Friday, August 26, 2011

Andrew Klavan on Kim Kardashian's Wedding

If only a single one of Obama's ivy-league educated economists understood as much about how an economy actually works (in the real world, not at the simultaneous solution of a large collection of equilibrium equations) as Andrew Klavan, we'd be in much better shape now.

I have no idea who Kim Kardashian is. I say this advisedly. It might sound like a boast. After all, I could’ve googled her before I started writing, but I didn’t, so maybe I’m proud of my ignorance. Be that as it may, the simple fact is I’m completely clueless as to why Kim Kardashian is a celebrity.

Thus when I asked my wife why helicopters were buzzing round and round above my house this past Saturday, I was not terribly enlightened at being told that Kim Kardashian was getting married somewhere in the neighborhood. And later, at a dinner party that night when someone remarked on the constant and irritating presence of the choppers, I sounded more knowing than I was when I said, “Must be Kim Kardashian’s wedding.”
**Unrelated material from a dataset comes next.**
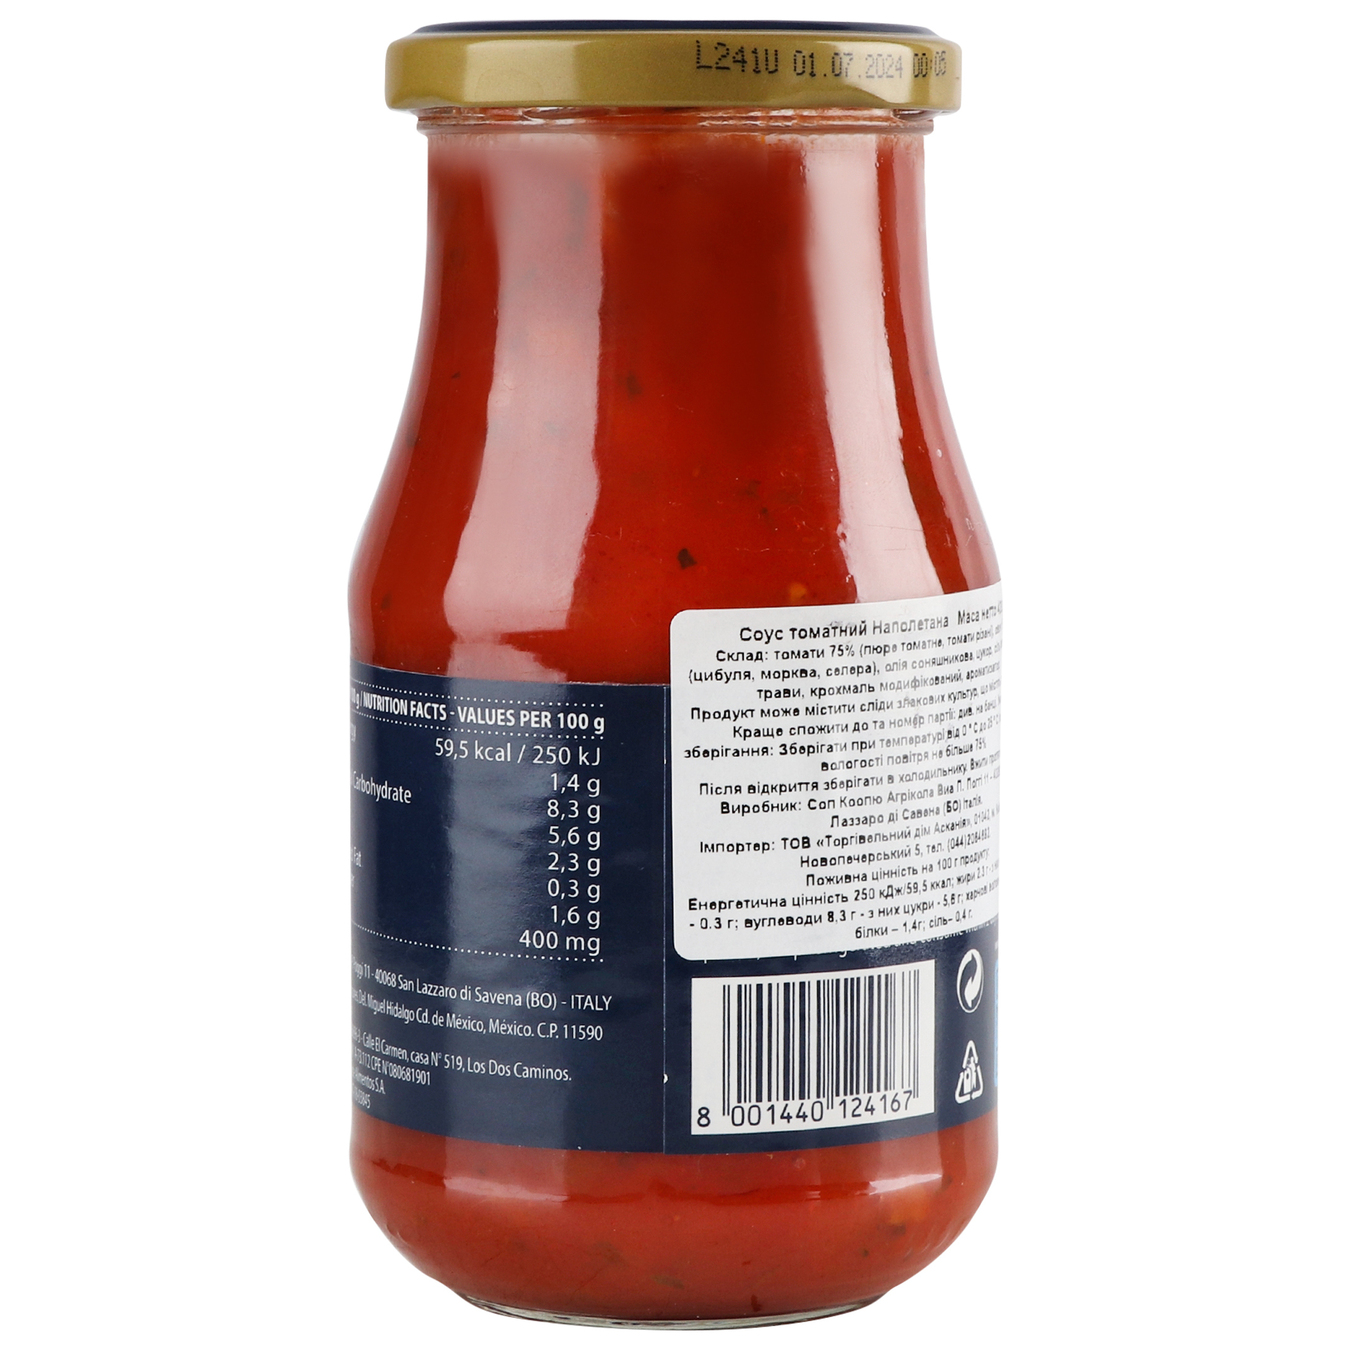 Cirio Napoletana tomato sauce 420g 2

It was at this point someone at the party said scornfully, “That wedding cost ten million dollars! That’s obscene in these hard times with so many people suffering!”

Is it obscene? Really? Unless Kim Kardashian is famous for robbing banks, I don’t see why. Assuming she made her money honestly, then every dollar she has was given to her freely by a public who thought she was worth it. She, in turn, freely decided it would be worth it to her to spend that freely given money on her wedding. And because there was no force in operation other than free human desire — the public’s desire to see Kim Kardashian do whatever it is she does for a living and Kim Kardashian’s desire to get married in high style — every single dime spent on that wedding helped create a job — if by a job, we mean a task someone does because someone else wants or needs it done.
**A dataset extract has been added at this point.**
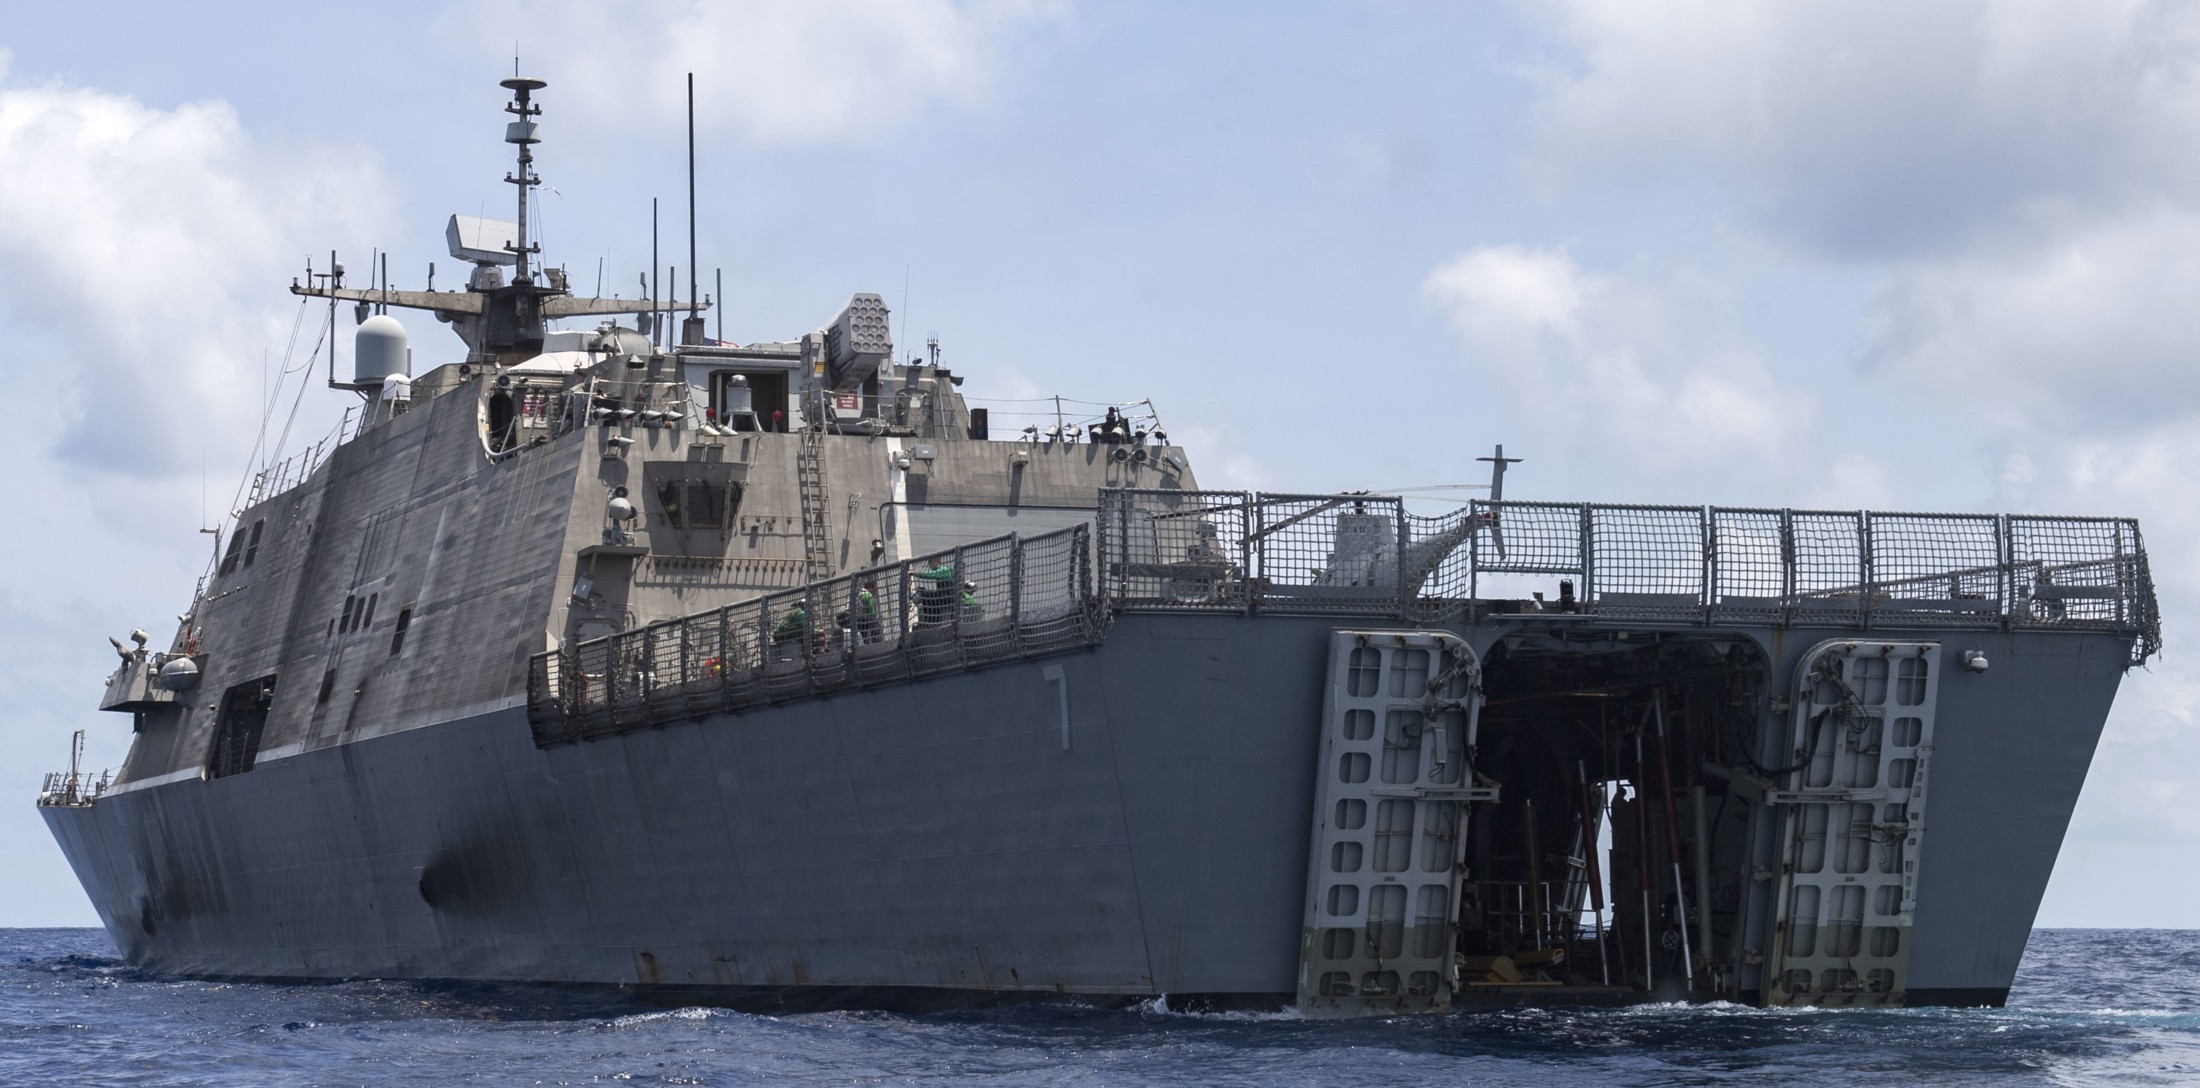 lcs-7 uss detroit freedom class littoral combat ship us navy 48 caribbean sea

Consider it. No money was taken at gunpoint during the making of this wedding. No power was exerted over others. No jumped-up prince of a middle man decided what should or shouldn’t be eaten or drunk or spent or by whom. No useless government department was formed, taking capital out of the economy. No time was wasted by officious bureaucrats who don’t have any reason to do their job efficiently or well. Not at all. Kim, God bless her, wanted — I don’t know what — flowers, let’s say, by the thousands, and so Flora the Florist set to work providing them in return for her daily bread. Kim wanted a cake the size of the Ritz, or whatever, and Charlie the Chef got to work on that. Even the annoying helicopters were freely paid for by someone who, I guess, wanted aerial photos of the nuptials. And the photographers earned their keep because people who want to see the pics will freely buy whatever magazine they’re in.

In truth, the economy was more stimulated in my little neighborhood this weekend than it has been anywhere in the country during the entire Obama administration.

Free enterprise. It’s a beautiful thing. And it all works fine and dandy until power-hunger and pompous self-righteousness gum up the works. Until some duly elected fathead says, “No, no, Kim, I went to an Ivy League school and I know better than you do how you should spend your money.” Or, “No, no, Kim, I am the Compassionate and Wise and I know where the need for your money is greatest.” Or, “We all have to share the sacrifice, Kim, so give me your money to pay for the votes I bought with promises I can’t keep.” Or, “There comes a point when you have too much money, Kim, so you have to give some of yours to me.”

Read the rest here.

1 comment:

  1. I was pulled up short by this line in the article: The imposition of virtue by force is not virtue".

    Is this not what is so similarly hateful about Islamists and leftists? Go to Iran or Saudi Arabia and you find the "virtue police". Go to a college campus and find find sexual freedom but a virtue police for thought.

    As I said the other day...social justice is the enemy of value added.